Below is a listing from which only part is wanted; return exactly the lines from the one with "Pin 2 5 Tips" up to and including the one with "Spinning top candlestick".

### Material for the task
Content starts

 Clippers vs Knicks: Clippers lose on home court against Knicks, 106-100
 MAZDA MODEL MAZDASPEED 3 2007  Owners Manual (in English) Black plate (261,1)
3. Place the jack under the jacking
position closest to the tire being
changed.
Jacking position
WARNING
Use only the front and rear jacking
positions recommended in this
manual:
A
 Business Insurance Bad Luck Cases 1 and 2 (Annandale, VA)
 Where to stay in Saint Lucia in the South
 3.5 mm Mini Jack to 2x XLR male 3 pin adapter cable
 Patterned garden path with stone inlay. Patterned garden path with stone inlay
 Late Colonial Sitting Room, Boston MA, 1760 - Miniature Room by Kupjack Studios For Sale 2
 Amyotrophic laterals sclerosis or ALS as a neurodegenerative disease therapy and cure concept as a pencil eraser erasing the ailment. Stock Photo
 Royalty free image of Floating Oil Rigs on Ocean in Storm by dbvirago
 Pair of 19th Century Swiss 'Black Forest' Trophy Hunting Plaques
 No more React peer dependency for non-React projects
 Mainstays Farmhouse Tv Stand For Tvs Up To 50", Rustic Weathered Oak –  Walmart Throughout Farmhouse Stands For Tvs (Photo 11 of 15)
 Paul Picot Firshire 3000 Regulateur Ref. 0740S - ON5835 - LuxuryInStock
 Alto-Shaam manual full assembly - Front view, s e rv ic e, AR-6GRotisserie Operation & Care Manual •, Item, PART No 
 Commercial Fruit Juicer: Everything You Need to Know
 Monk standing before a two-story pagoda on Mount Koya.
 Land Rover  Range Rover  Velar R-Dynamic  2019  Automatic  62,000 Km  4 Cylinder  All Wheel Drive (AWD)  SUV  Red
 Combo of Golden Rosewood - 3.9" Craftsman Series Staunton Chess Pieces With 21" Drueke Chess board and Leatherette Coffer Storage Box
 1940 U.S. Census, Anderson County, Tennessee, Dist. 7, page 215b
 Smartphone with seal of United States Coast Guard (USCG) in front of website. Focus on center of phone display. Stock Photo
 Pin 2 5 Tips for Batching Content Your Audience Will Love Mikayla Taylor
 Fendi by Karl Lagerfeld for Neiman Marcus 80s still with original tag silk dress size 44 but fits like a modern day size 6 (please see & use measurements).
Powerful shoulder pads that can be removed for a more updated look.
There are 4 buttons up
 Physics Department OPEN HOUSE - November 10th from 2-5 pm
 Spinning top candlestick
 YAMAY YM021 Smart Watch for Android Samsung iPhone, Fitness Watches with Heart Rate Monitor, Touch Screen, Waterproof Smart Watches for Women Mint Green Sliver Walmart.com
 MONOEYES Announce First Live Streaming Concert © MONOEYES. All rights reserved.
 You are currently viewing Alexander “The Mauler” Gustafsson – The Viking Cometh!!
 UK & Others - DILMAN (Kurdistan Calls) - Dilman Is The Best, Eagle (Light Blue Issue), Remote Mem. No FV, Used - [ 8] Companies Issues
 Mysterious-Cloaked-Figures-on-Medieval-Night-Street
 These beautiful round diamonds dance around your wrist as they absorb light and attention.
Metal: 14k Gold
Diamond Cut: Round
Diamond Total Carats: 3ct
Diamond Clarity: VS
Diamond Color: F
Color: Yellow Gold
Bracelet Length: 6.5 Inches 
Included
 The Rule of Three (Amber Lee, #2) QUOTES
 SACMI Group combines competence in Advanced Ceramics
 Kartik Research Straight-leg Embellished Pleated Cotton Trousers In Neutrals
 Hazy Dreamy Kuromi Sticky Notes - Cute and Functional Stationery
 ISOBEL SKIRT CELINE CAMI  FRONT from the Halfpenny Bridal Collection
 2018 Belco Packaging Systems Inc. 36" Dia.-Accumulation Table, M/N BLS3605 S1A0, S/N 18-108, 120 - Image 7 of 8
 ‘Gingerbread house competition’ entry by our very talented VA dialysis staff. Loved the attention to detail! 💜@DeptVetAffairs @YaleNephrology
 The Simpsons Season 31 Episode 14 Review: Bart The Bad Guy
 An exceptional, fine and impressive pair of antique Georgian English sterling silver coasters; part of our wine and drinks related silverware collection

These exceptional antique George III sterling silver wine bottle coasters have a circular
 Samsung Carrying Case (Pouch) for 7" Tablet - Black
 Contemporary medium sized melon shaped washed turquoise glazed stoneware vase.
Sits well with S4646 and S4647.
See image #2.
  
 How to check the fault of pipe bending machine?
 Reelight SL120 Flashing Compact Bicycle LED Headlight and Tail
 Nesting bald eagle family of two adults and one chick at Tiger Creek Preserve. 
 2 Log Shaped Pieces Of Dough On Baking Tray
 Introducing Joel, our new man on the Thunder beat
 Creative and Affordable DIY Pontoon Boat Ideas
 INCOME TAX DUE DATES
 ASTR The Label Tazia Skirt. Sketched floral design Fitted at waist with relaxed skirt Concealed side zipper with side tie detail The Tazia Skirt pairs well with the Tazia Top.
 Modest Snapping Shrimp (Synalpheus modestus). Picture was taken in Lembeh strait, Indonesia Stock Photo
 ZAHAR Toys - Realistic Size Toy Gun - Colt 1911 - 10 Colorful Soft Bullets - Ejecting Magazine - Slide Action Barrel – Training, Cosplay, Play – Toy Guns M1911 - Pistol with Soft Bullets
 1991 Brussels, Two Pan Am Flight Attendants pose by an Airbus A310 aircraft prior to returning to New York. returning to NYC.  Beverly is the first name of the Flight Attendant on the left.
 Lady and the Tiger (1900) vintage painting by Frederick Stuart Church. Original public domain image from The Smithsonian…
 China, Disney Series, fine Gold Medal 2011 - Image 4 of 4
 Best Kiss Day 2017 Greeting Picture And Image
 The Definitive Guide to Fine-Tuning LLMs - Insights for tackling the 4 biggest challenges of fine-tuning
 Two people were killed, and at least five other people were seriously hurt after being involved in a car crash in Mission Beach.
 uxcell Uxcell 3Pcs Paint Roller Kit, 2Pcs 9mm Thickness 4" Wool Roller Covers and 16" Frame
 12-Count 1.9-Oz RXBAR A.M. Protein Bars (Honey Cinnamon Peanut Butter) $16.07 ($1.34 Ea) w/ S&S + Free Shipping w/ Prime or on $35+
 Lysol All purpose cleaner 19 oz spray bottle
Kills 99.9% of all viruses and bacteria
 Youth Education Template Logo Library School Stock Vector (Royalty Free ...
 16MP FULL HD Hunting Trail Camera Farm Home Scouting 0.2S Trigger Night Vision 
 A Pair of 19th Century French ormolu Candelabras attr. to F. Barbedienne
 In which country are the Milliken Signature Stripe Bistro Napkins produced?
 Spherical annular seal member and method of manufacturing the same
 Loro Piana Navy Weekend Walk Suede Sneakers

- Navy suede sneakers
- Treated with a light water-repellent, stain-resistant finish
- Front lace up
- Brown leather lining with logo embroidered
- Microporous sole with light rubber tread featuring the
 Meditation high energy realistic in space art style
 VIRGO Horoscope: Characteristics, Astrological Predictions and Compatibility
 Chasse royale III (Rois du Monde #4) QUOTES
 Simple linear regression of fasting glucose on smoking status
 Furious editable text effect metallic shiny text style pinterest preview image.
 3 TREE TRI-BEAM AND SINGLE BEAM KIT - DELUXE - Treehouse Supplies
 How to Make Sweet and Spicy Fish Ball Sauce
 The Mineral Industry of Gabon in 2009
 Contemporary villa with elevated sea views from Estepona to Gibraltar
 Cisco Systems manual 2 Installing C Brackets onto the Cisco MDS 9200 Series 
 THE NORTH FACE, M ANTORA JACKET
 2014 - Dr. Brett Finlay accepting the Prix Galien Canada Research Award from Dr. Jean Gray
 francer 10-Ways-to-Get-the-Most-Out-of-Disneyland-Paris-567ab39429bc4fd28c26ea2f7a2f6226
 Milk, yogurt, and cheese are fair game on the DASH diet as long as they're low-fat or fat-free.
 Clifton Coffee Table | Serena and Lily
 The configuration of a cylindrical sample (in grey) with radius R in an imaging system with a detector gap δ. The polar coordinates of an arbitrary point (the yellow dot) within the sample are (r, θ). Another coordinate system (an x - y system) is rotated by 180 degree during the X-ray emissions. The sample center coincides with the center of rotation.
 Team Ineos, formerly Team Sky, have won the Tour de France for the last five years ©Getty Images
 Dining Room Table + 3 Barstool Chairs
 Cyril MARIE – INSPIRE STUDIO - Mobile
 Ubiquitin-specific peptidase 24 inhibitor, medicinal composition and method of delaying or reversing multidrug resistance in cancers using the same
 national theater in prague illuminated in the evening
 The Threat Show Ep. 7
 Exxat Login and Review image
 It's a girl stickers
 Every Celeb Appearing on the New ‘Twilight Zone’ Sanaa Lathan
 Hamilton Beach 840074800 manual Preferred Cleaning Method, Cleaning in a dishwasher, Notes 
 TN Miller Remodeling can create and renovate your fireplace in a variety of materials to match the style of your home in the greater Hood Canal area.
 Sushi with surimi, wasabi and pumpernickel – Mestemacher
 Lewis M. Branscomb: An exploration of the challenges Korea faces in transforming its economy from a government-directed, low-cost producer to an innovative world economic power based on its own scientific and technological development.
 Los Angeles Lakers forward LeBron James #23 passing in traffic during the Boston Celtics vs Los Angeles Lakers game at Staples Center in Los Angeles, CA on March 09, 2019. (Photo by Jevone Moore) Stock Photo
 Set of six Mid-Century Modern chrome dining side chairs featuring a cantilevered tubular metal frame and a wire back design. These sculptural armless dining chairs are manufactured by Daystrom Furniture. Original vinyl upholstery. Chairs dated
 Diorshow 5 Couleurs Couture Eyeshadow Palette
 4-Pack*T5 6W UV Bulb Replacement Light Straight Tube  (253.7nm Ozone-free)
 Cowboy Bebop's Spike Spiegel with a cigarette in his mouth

Content ends

### Written reply
 Pin 2 5 Tips for Batching Content Your Audience Will Love Mikayla Taylor
 Fendi by Karl Lagerfeld for Neiman Marcus 80s still with original tag silk dress size 44 but fits like a modern day size 6 (please see & use measurements).
Powerful shoulder pads that can be removed for a more updated look.
There are 4 buttons up
 Physics Department OPEN HOUSE - November 10th from 2-5 pm
 Spinning top candlestick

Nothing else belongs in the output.